Der Entwurf für die Außenanlagen der Dettinger Kindertagesstätte Starennest, die in den Unteren Wiesen neu gebaut werden soll, steht. Die Gemeinderäte einigten sich nach längerer Diskussion – diesmal ganz ohne Streitigkeiten.

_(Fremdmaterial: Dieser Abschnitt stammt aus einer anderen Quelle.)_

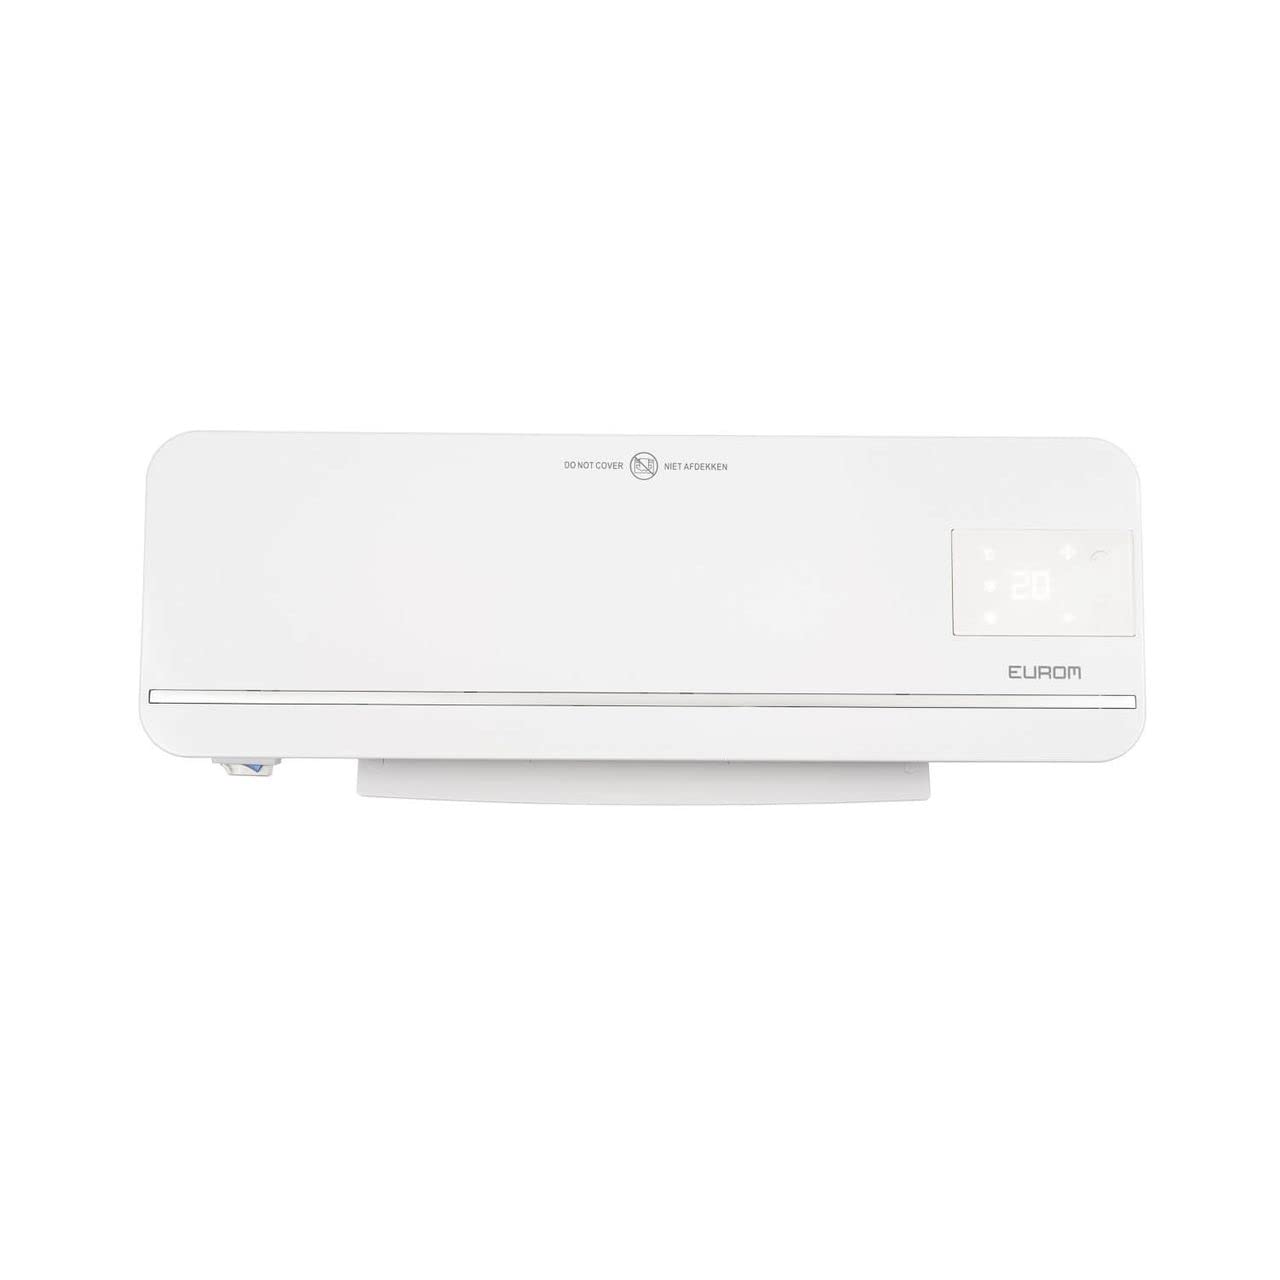 Eurom Sani-Wall-Heat 2000 WiFi Badezimmerheizung, 2000W, Thermostat, Timer, Überhitzungsschutz (343007)

Die Kinder der Dettinger Kita Starennest dürfen sich auf ein neues Kindergartengebäude in den Unteren Wiesen freuen: Voraussicht
Die Kinder der Dettinger Kita Starennest dürfen sich auf ein neues Kindergartengebäude in den Unteren Wiesen freuen: Voraussichtlich Ende 2014 beginnen die Bauarbeiten.Foto: Jean-Luc Jacques

Dettingen. In der Gemeinderatssitzung vor der Sommerpause hatte der Tagesordnungspunkt „Vorentwurf für die Außenanlagen der Kita Untere Wiesen“ für einen Eklat gesorgt: Das Thema Kindergärten im Allgemeinen und eine Äußerung von Bürgermeister Rainer Haußmann im Besonderen versetzten Hermann Pölkow (SPD) derart in Rage, dass er mitten in der Diskussion demonstra­tiv den Sitzungssaal verließ (wir berichteten). Mittlerweile scheinen sich die Gemüter beruhigt zu haben: Pölkow hat seine Überlegung, eventuell aus dem Gremium auszuscheiden, wohl verworfen. Und auch sonst verlief die Sitzung am Montagabend relativ harmonisch.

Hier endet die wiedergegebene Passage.